Plans sold on the National Broadband Network, the Australia-spanning multi-technology network that’s intended to encompass every Australian by 2020 are sold at different speed tiers. There’s some complexity to the model depending on the connection type and the whims of individual ISPs, but typically you’ll be offered plans at 12/1, 25/5, 50/20 or 100/40 Mbps, where the first number represents maximum download speed and the second maximum upload speed.
NBN itself has somewhat shied away from presenting those numbers in recent years thanks to that shift to a multi-modal delivery model, because it’s much harder in technology terms to guarantee those speeds on some connection types and in some circumstances.
That makes it tough to work out relative value on broadband plans, especially as it’s not just a matter of hooking up a different speed pipe. Indeed, as consumers we don’t really deal with NBN (the company building the network) at all. Instead you buy access through a traditional internet service provider, who itself is a wholesale customer of NBN. The quantity of access it purchases can have a distinct effect on the real world speeds its customers enjoy.
A quick reminder is needed here, as the NBN connection, once it lands at your premises, isn’t an optional matter if you want a fixed line broadband or telephone service, outside a very few small building locations where third party, NBN-like services exist.

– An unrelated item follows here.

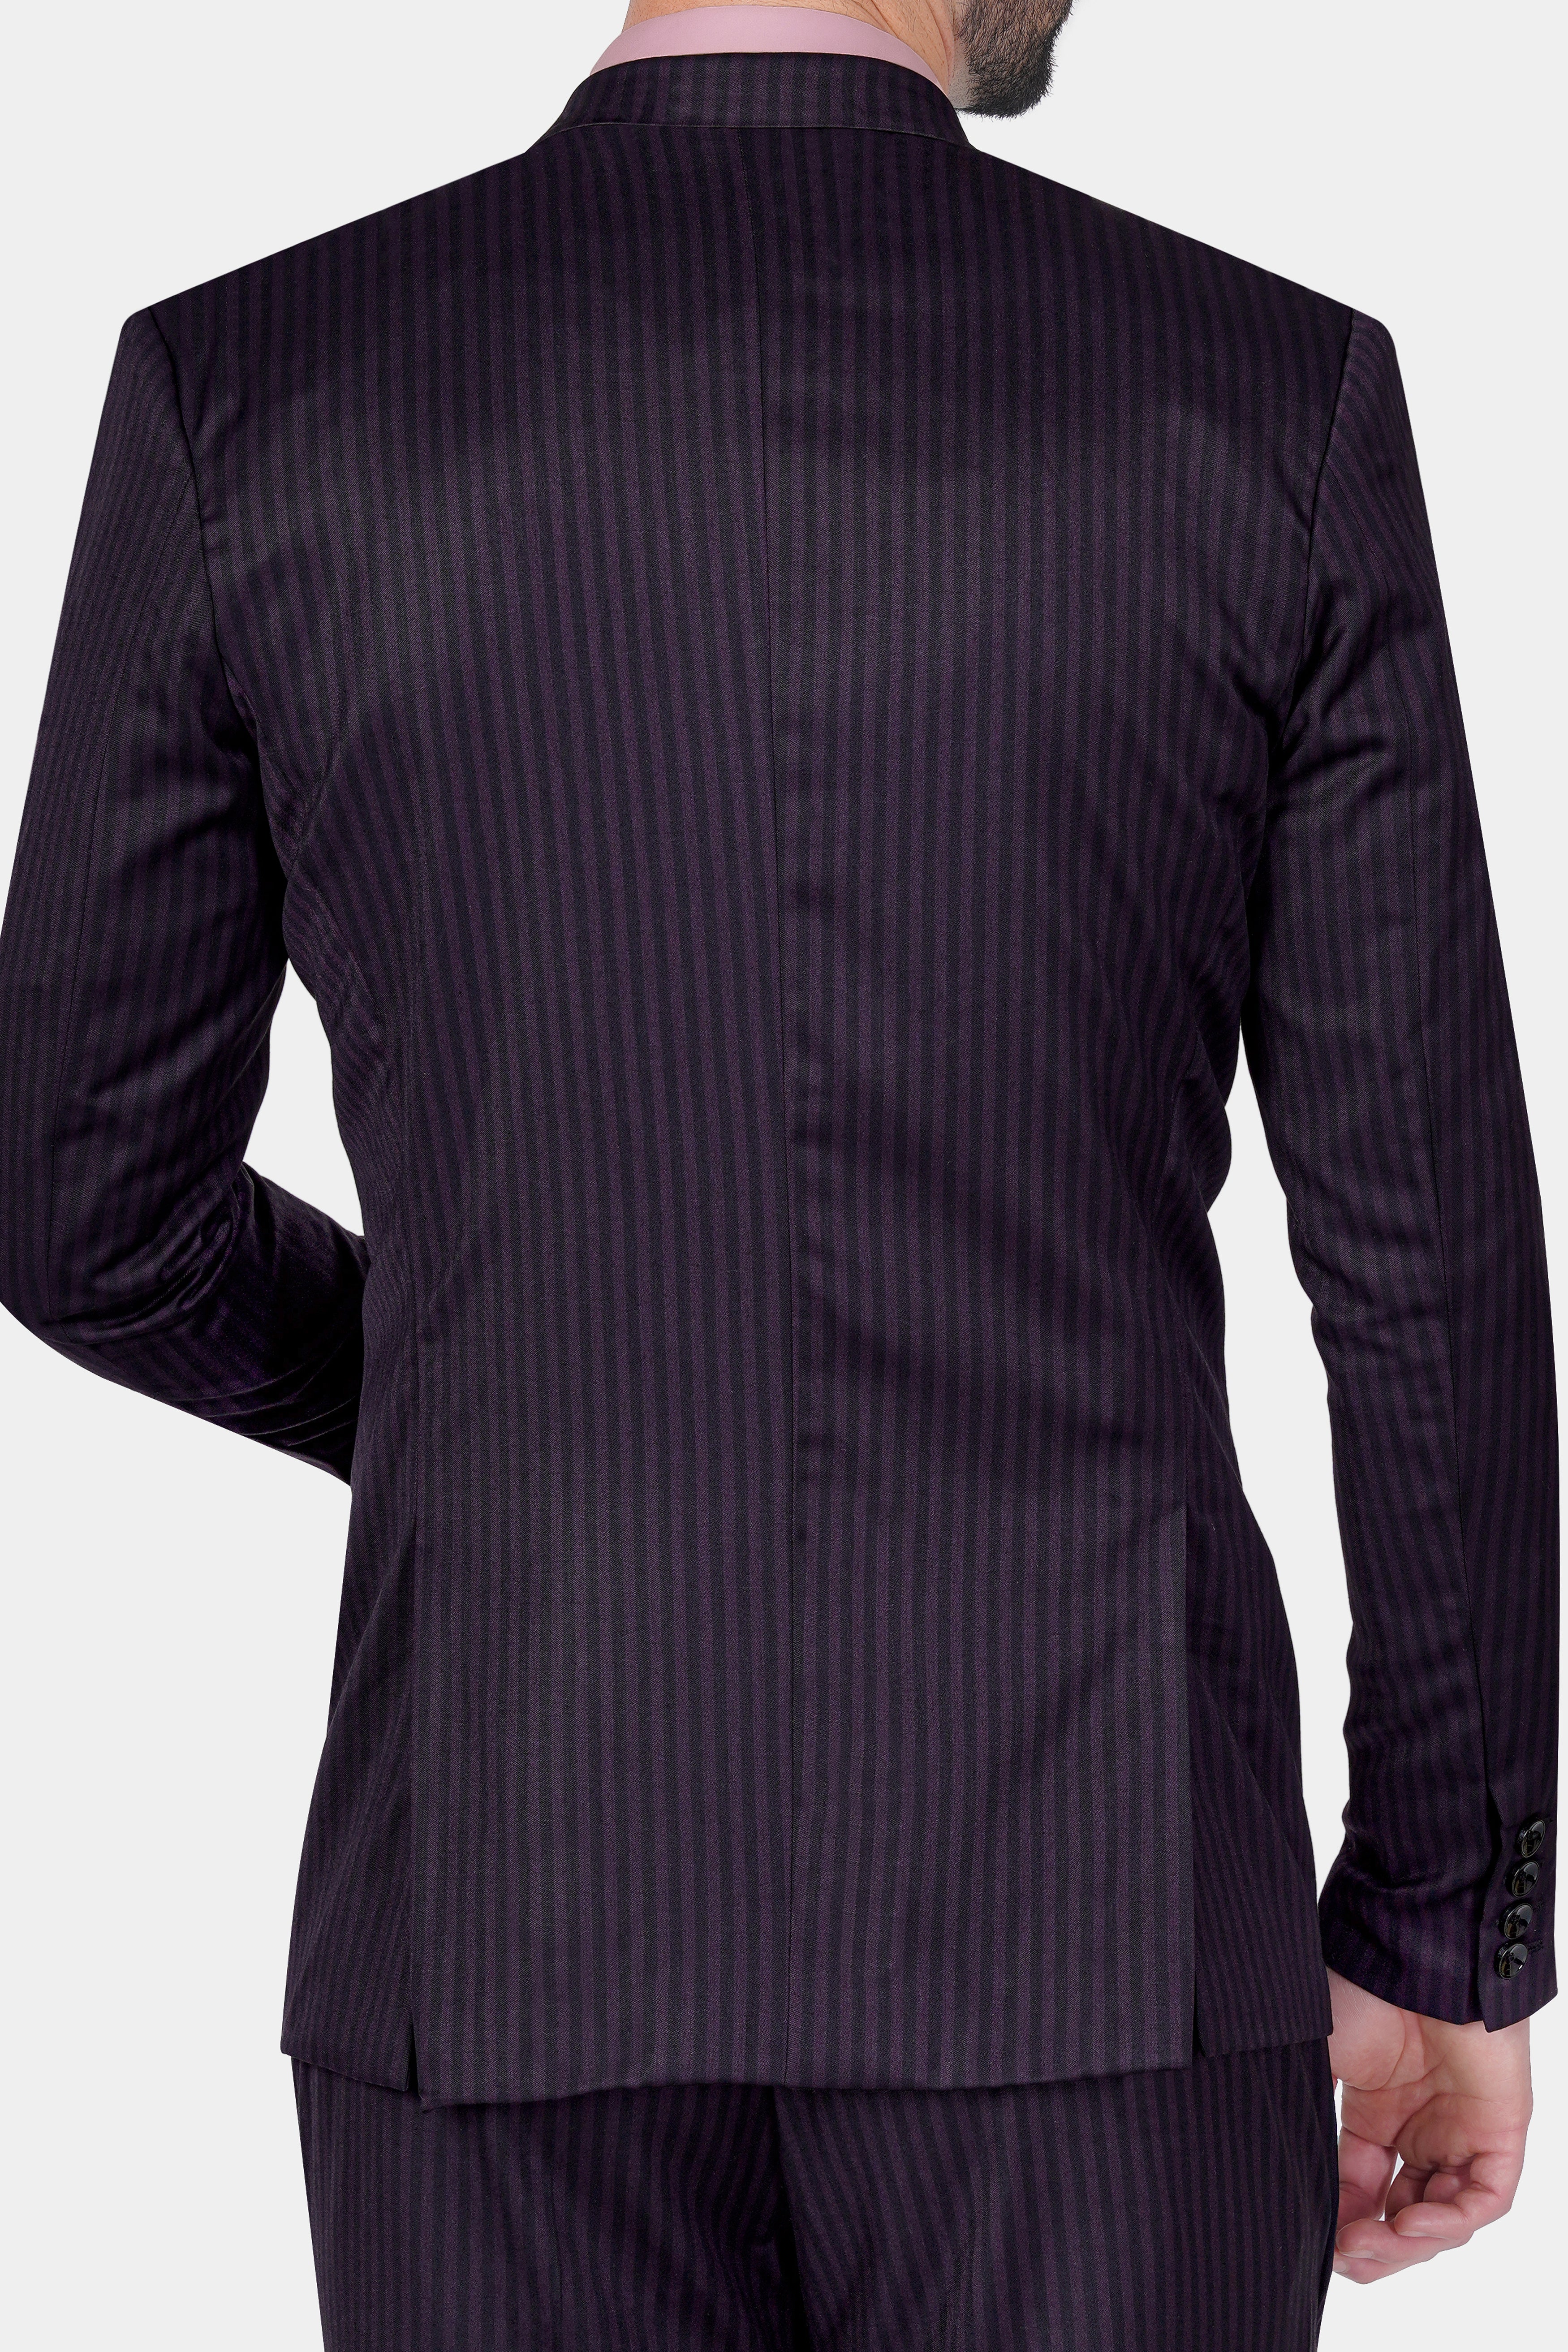 Imperial Purple and Black Striped Wool Rich Blazer BL3119-SB-36, BL3119-SB-38, BL3119-SB-40, BL3119-SB-42, BL3119-SB-44, BL3119-SB-46, BL3119-SB-48, BL3119-SB-50, BL3119-SB-52, BL3119-SB-54, BL3119-SB-56, BL3119-SB-58, BL3119-SB-60

Equally, you don’t get a choice when it comes to the connection technology used to hook you up, with quality notably higher in principle for full-fibre customers and lower for those on fibre to the node connections.
The ACCC recently announced that it will commence monitoring real world NBN connections in order to report directly to consumers relating to the actual speeds achieved through different providers. It’s largely an NBN-only play, so if you’re on, say, ADSL they won’t be monitoring what you get, although some NBN-like providers will also be monitored to provide comparative performance figures. The scheme will run over four years at a projected cost of 7 million dollars.
I’m interested to see what the ACCC’s figures show, because measuring internet access performance is a very complex topic indeed. Just off the top of my head you’ve got the quality of connection from device to your router, whether wired or wireless. Then the connection from your premises to an exchange, with wide variability depending on the NBN technology of choice, condition of cables, length of copper and overall network stress. Then there’s the question of the capacity available to the ISP and how well it can manage that load. Even then you’re not done, because you have to then ping your signal (whatever it is, whether you’re asking for a Netflix show to download, checking your emails or reading a web site) to the server that hosts that material, which may well be overseas. That’s another set of routing cables and exchanges before it reaches the server… which may well be overloaded anyway.
If you’ve ever tried to hit a popular web store during a large sales event you’d be aware of some of the potential pitfalls there. Naturally times of day can also affect the speeds you get, with evenings a particular peak, and any school holiday usually worse because of the larger mass of school-age kids who suddenly do have the time to be online all day.
The ACCC’s figures will be one metric, but they’re far from your only option when it comes to sorting out the kind of connection quality you’re getting. At an individual level web based utilities such as speedtest.net can be used to give you an idea of peak speeds. That’s nice to know as and when you can get it, but if you’re pondering an ISP switch, especially with the NBN imminent, the ACCC’s figures could be a better recommendation tool.
Netflix provides its own Netflix speed index (netflix.com/country/australia/) based on averaged of prime time connection speeds from an aggregate of devices, and ranked both by country and ISP. The figures right now are low — the top ISP for all of February in Australia measured in at an average speed of just 3.52Mbps — but that may trend upwards as NBN connections proliferate. At least, we should hope that they would if ISPs are going to anywhere near meet both the claims made for connections and Australia’s growing appetite for broadband.